The final came a week after he had boxed his way through the quarter and semi-finals in Birmingham. When the fight finally came, it was against an opponent who had beaten Ogbo two years previously.
“We discussed that a few times,” Jopson says. “I said that after he got beat, Ike would have replayed that fight 100 times in his head, but Harvey Dykes might only have thought about it once or twice, because he won. Our strategy was going to be so much more ready, because we’d looked at this bout for so long.”
Ogbo says the idea of settling the score was on his mind, but only “in the periphery” as he stepped through the ropes. At the forefront was his tactical approach against the dangerous Dykes.
“It was the furthest thing from straightforward. Harvey Dykes is one of the slickest, most skilful operators that I’ve ever shared the ring with. He’s very tricky, very awkward, his footwork is very good and he’s deceptively fast and nimble. Pinning him down in one place, in order to actually score points, is very difficult. If you’re not careful and rush in, it’s very easy for him to slip out of the side-doors and look very good in doing so. It’s very much a bull and matador situation.
“We managed to make a strategy to pin it down and make it more difficult for him. It was tough. It was close. It’s always hard to tell in the ring how you’re doing unless there really is a big difference. You just have to keep going and see how things pan out.”
Ogbo succeeded – and his involvement in the final means Team GB will now assess him. He freely admits that progressing on a national basis, and performing in the Olympics, is a big goal.

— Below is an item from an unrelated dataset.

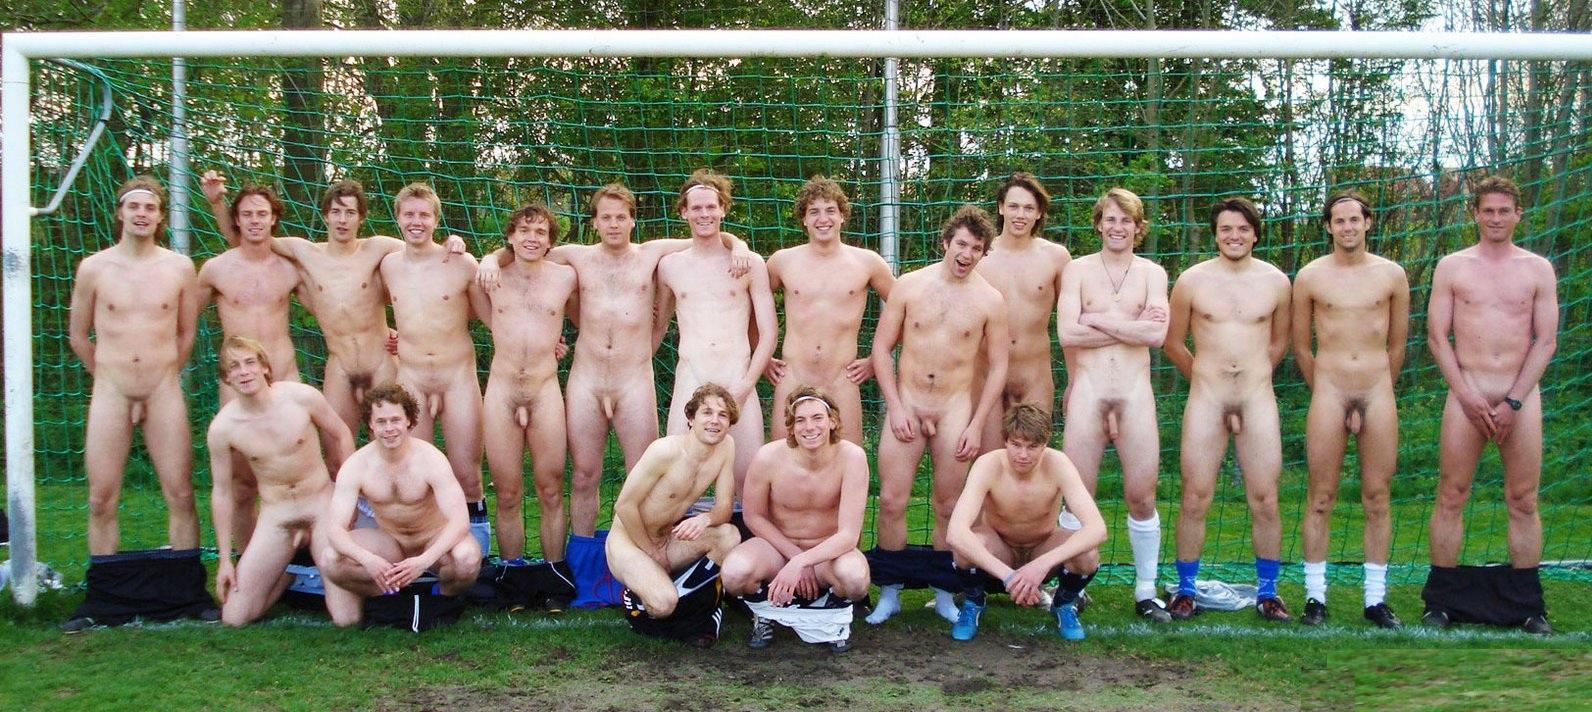 гости мальчикам, видео парни спортсмены голышом конечно

“That’s something I would commit to fully,” he says. “When it comes to boxing and my [medical] career, the boxing is very time sensitive. I’m only going to be in my prime and eligible for limited time. I’m going to be a doctor, God willing, for decades. It’s something I could put on hold for a few years.”
Ogbo talks warmly about Border City ABC, saying they have provided him with a “home away from home”. When he walked into the gym for the first time after winning the national title, a cluster of young fighters stopped and applauded.
The champion smiled bashfully. “I didn’t really know anybody when I came up here,” he says. “This club provided a family, a base, and have invested countless hours in me. We’ve all grown and learned from each other."
Flippantly, I say that stories of people behaving badly when admitted to A&E – perhaps after a night out gone wrong – would be unlikely to take their anger out on Dr Ogbo if they knew of his particular skills. He responds seriously. “People come in with a big variety of problems, but the commonality between them is that, at the end of day, they don’t really want to be there, and they’re scared.
“That fear for your health can bring out the worst in you. It’s one of those areas where you do deploy a bit of empathy. The ability to be able to keep yourself calm in professional environments, especially if you have people yelling abuse, being difficult, threatening, is important.
"Boxing doesn’t just help me decompress, but develops that confidence and ability to stay calm and disengage, and know how to remove yourself from certain situations and, God forbid, protect yourself long enough before help comes.”
Ogbo is a thoughtful man, and the story of the boxing doctor may have further fascinating chapters. “I know the assumptions about boxing are there for a reason, and if I hadn’t set foot in a gym, or spoken to boxers, and just based it on what I saw on TV on social media, it would be easy to see why people adhere to stereotypes,” he says.
“The lesson, I suppose, is to be a bit open-minded and you might be surprised. More often than not you will be.”